Exercise instructions
Return each line of the data below exactly, omitting any pictures.

Available data

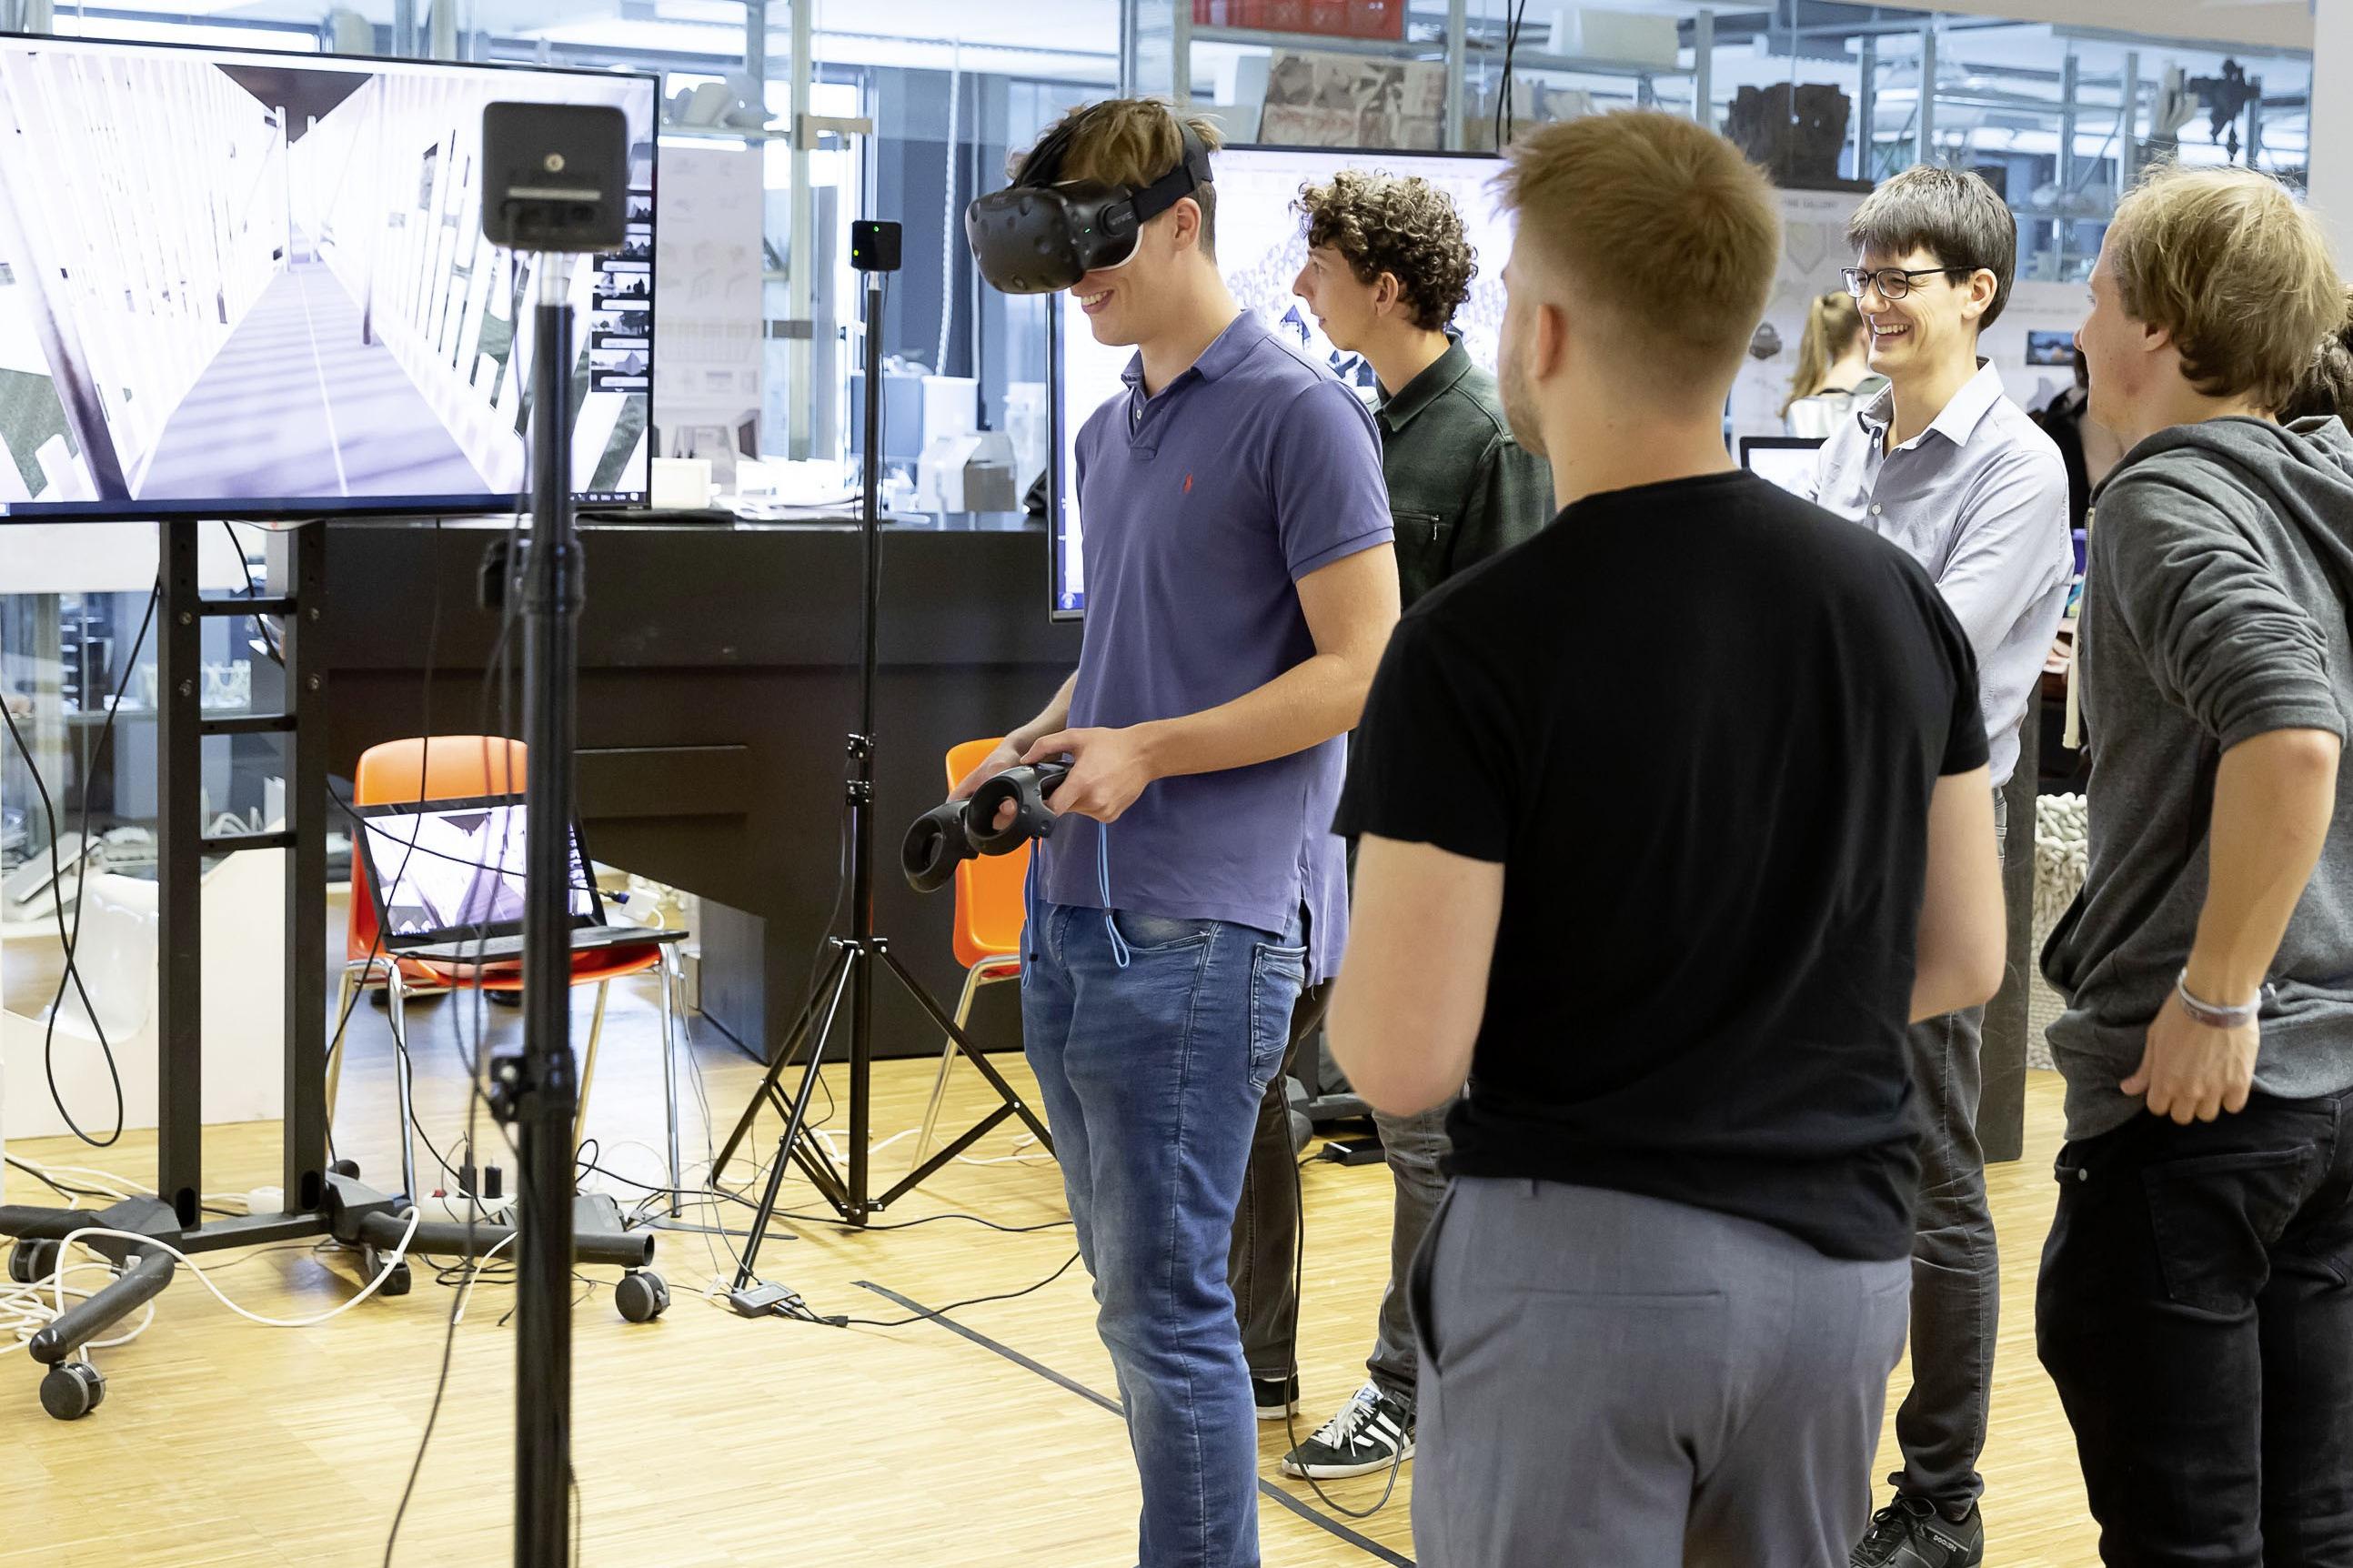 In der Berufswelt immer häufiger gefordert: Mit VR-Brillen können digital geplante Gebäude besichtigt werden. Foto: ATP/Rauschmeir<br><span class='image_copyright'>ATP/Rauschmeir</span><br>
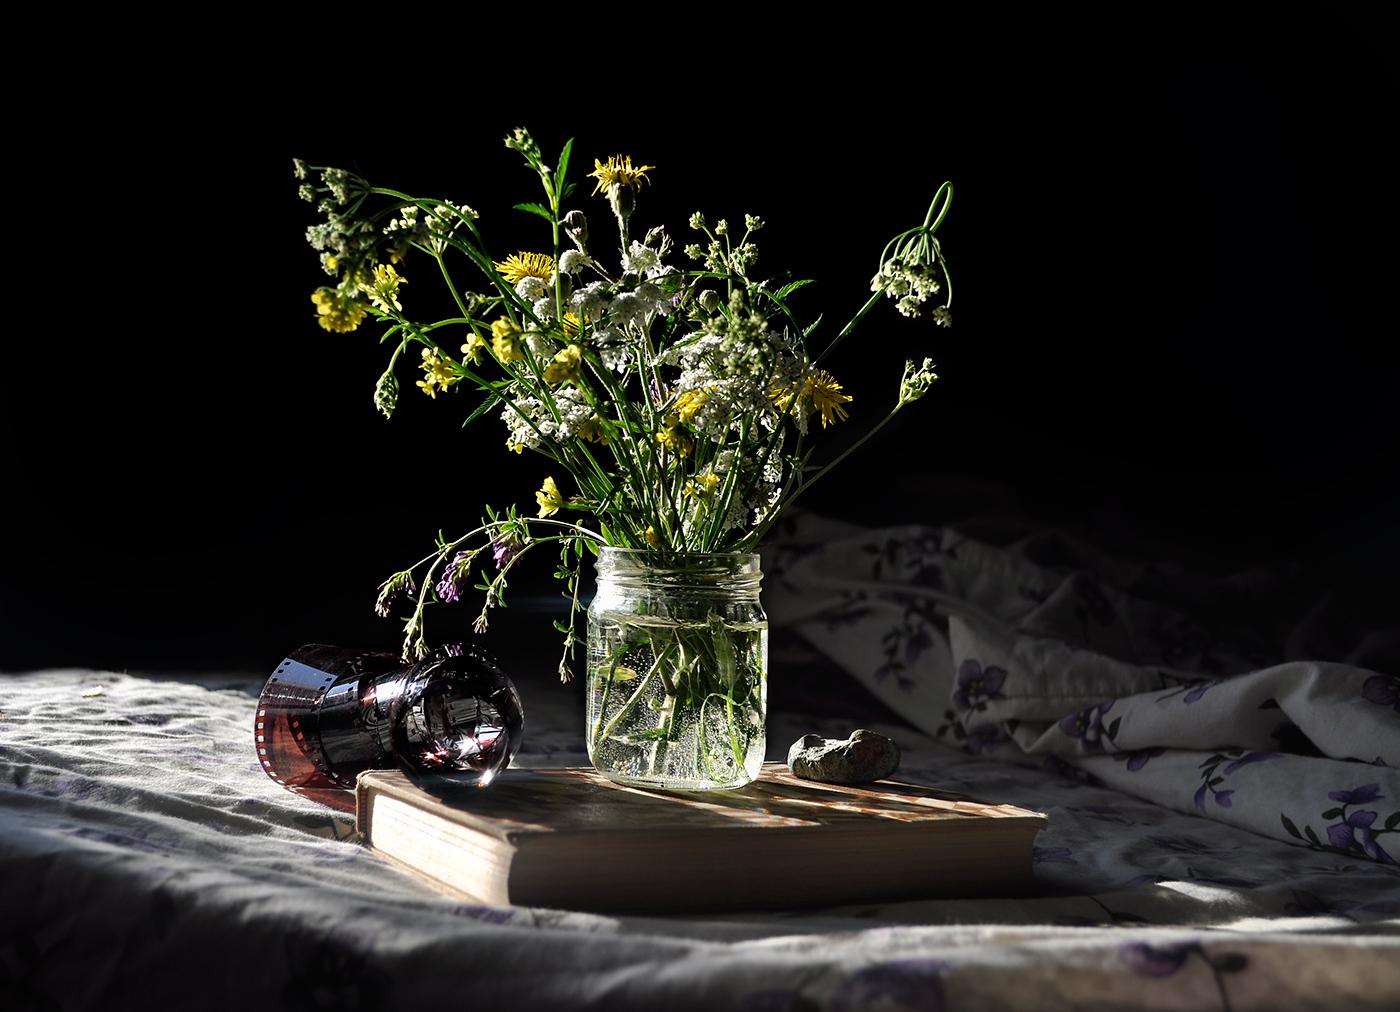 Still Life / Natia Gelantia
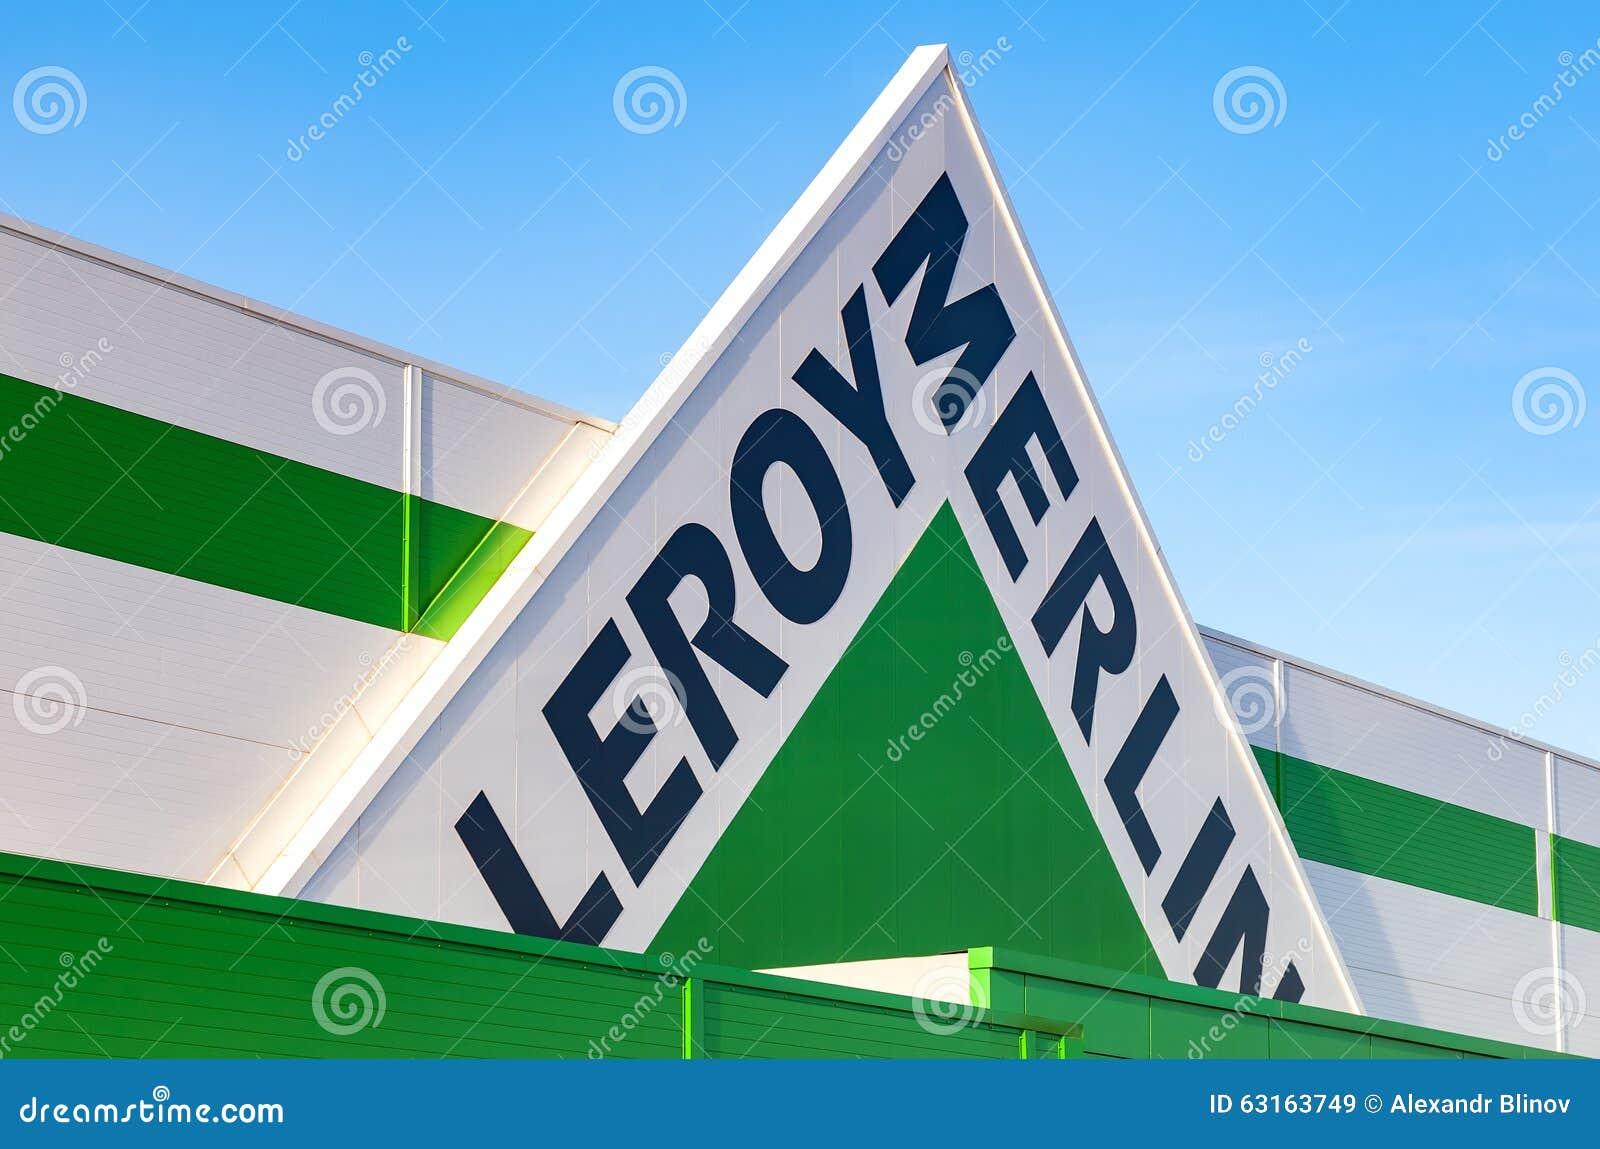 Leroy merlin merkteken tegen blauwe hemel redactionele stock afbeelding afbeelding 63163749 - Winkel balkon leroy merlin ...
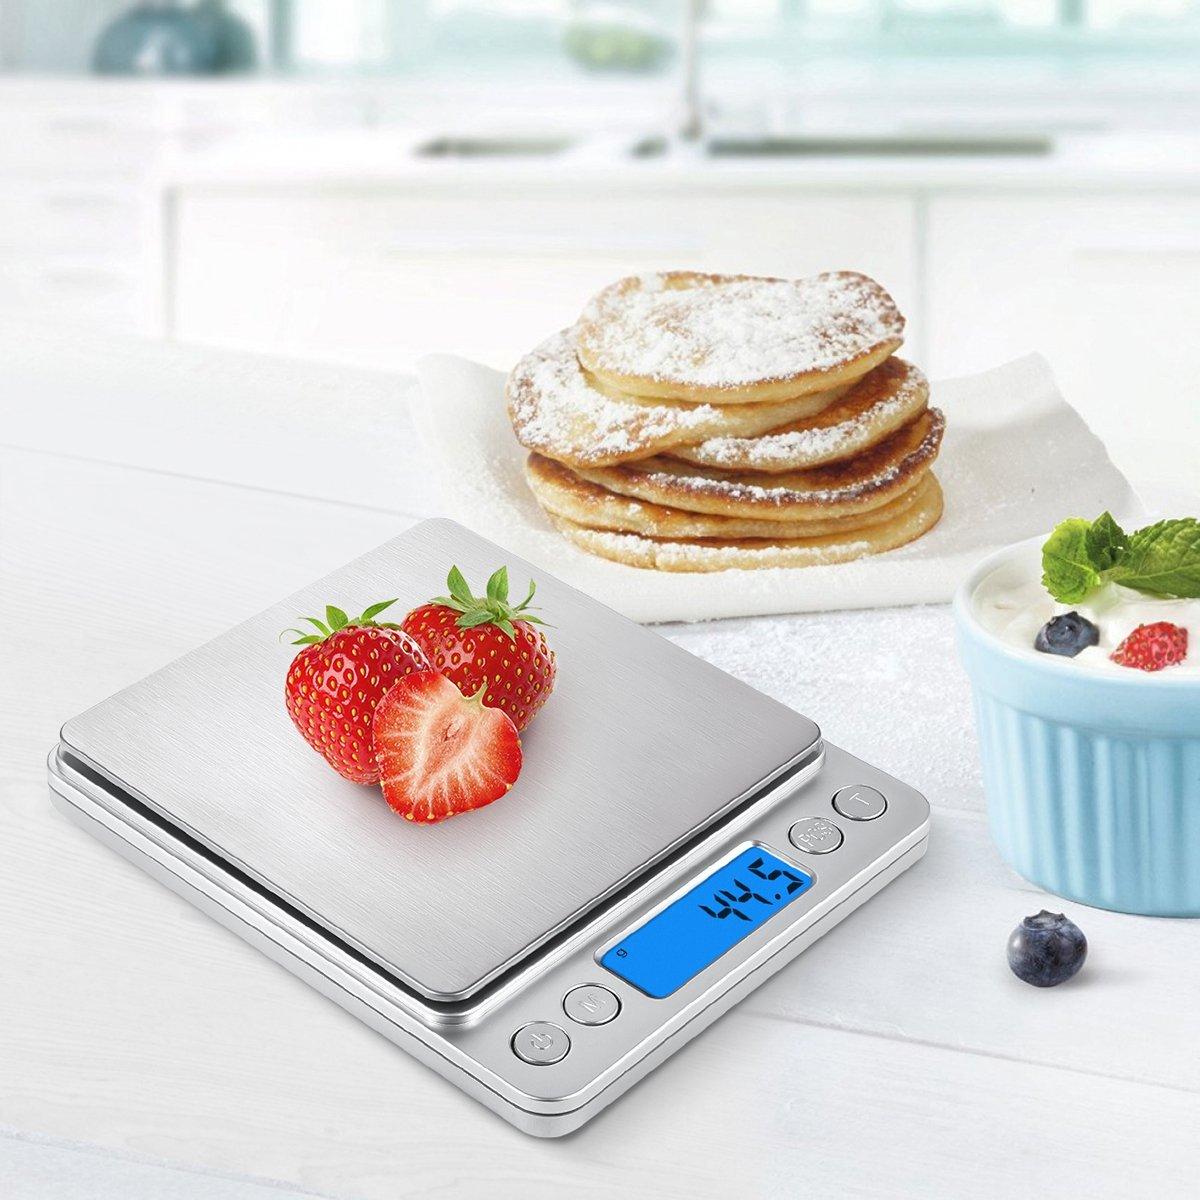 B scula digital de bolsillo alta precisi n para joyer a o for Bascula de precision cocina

Output for this task
 In der Berufswelt immer häufiger gefordert: Mit VR-Brillen können digital geplante Gebäude besichtigt werden. Foto: ATP/Rauschmeir<br><span class='image_copyright'>ATP/Rauschmeir</span><br>
 Still Life / Natia Gelantia
 Leroy merlin merkteken tegen blauwe hemel redactionele stock afbeelding afbeelding 63163749 - Winkel balkon leroy merlin ...
 B scula digital de bolsillo alta precisi n para joyer a o for Bascula de precision cocina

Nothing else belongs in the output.